** Work instructions **
The lines from the top of the material below through the line containing "Oversized Hand Mold" are to be printed exactly, with pictures omitted.

** The data **
=== Begin Enclosure ===

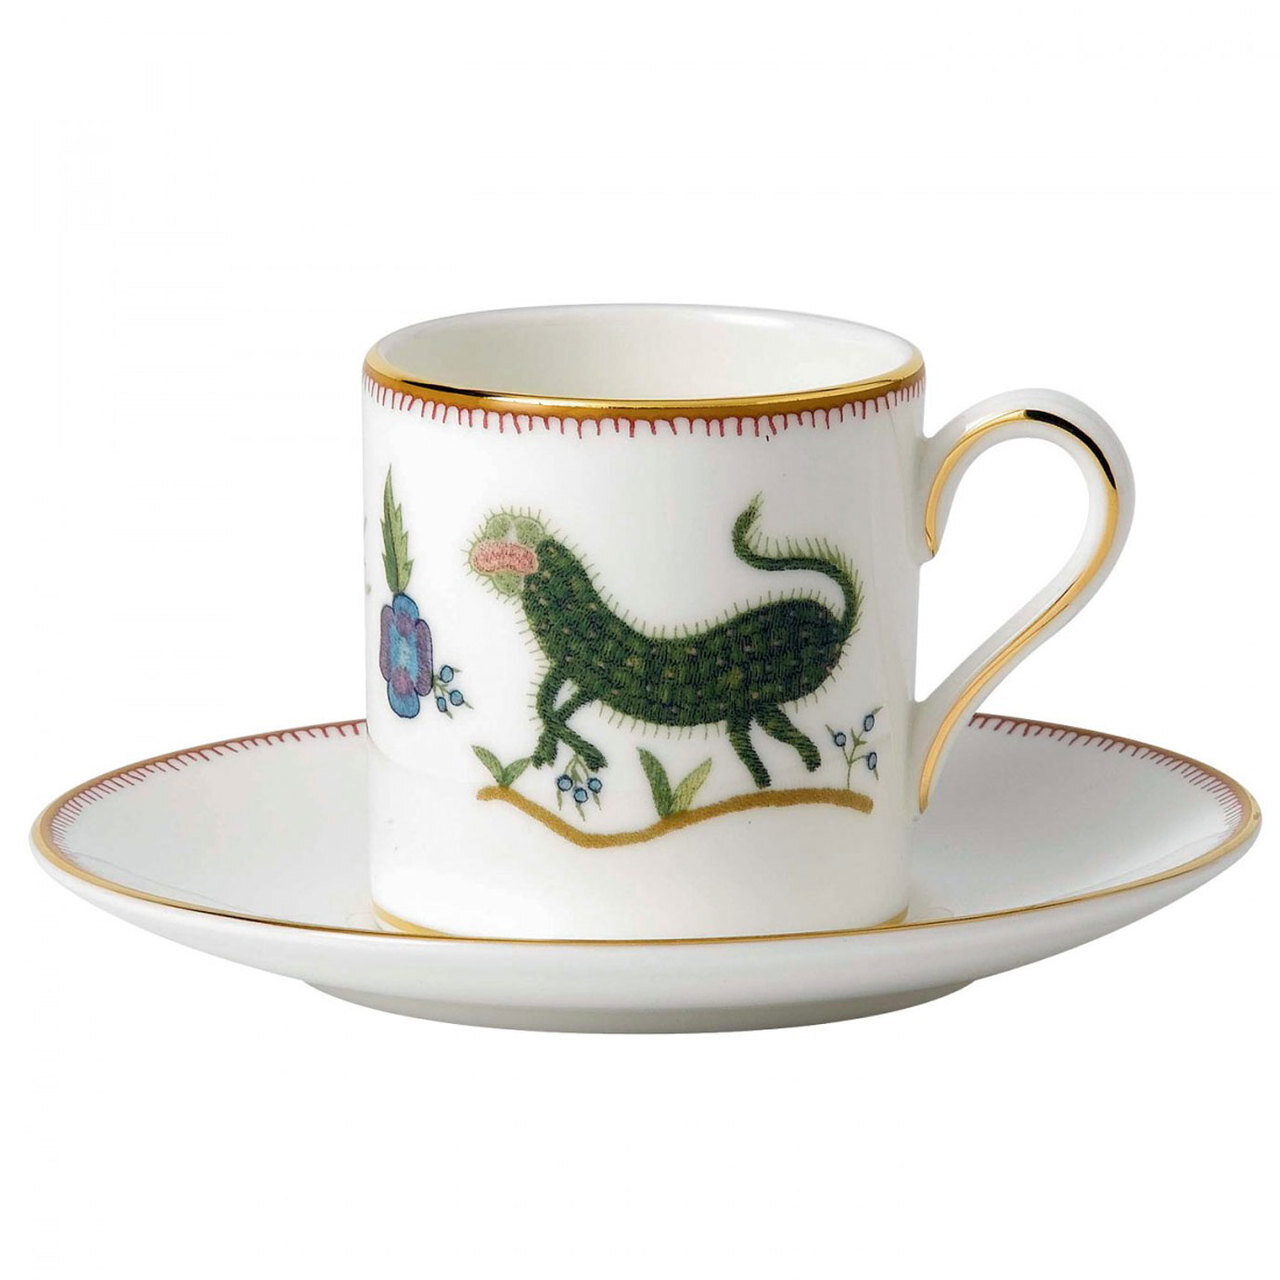 Wedgwood Mythical Creatures Mythical Creatures Espresso Cup & Saucer Set
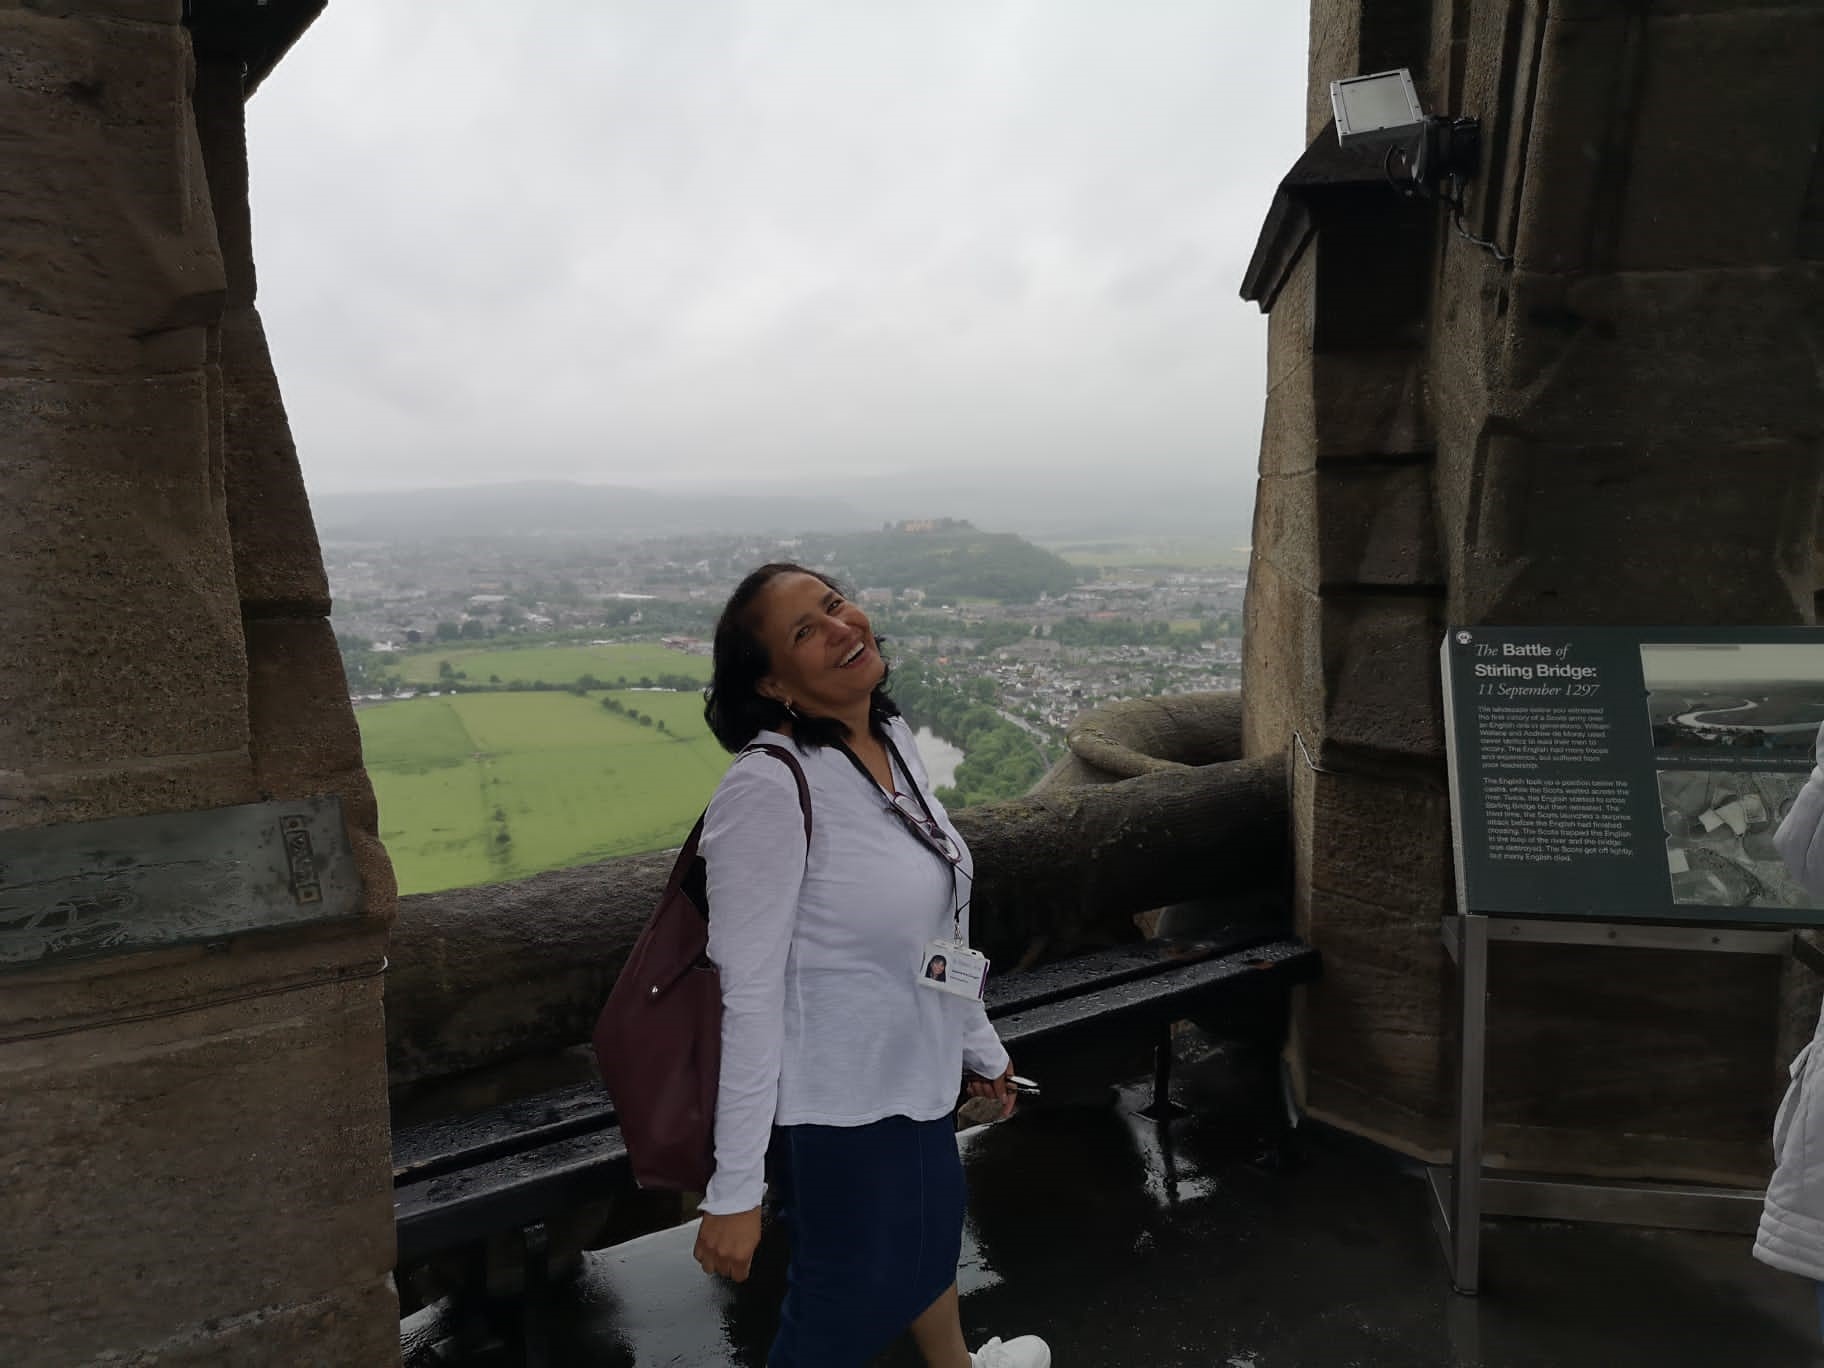 A member of the iCentre team standing at a viewing point at the top of the Wallace Monument with views of hills in the background
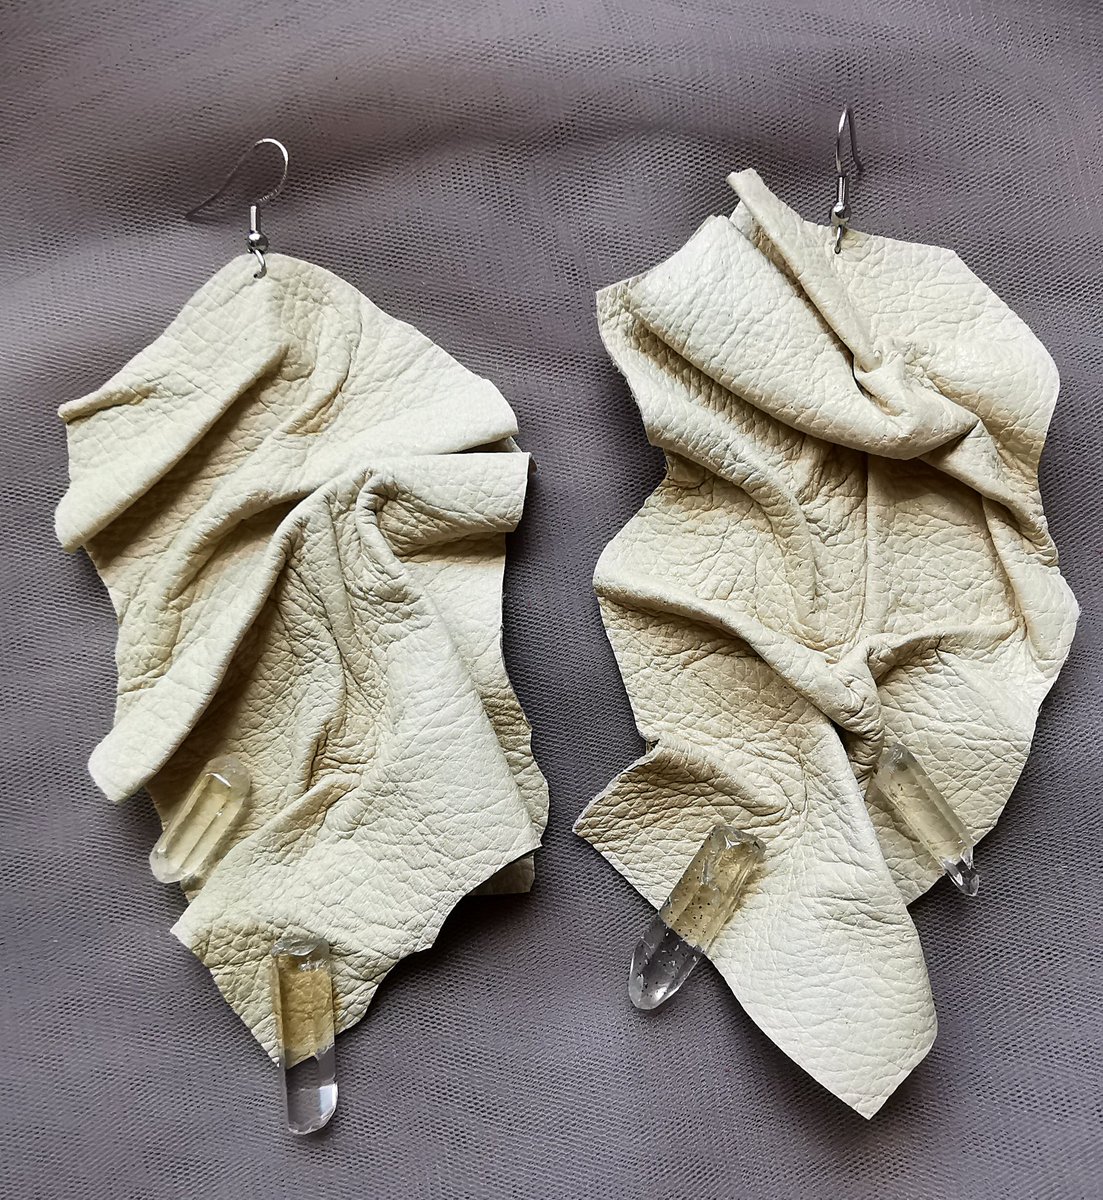 Oversized Hand Mold Sculpted leather earrings with raw quartz crystals
🌟Folded Leather Huge Earrings
etsy.com/listing/172457…

#foldedearrings #StatementEarrings #moldearrings #leatherearrings #leathercraft #quartzcrystals #elyseeart #contemporaryearrings

=== End Enclosure ===

** Written response **
 Wedgwood Mythical Creatures Mythical Creatures Espresso Cup & Saucer Set
 A member of the iCentre team standing at a viewing point at the top of the Wallace Monument with views of hills in the background
 Oversized Hand Mold Sculpted leather earrings with raw quartz crystals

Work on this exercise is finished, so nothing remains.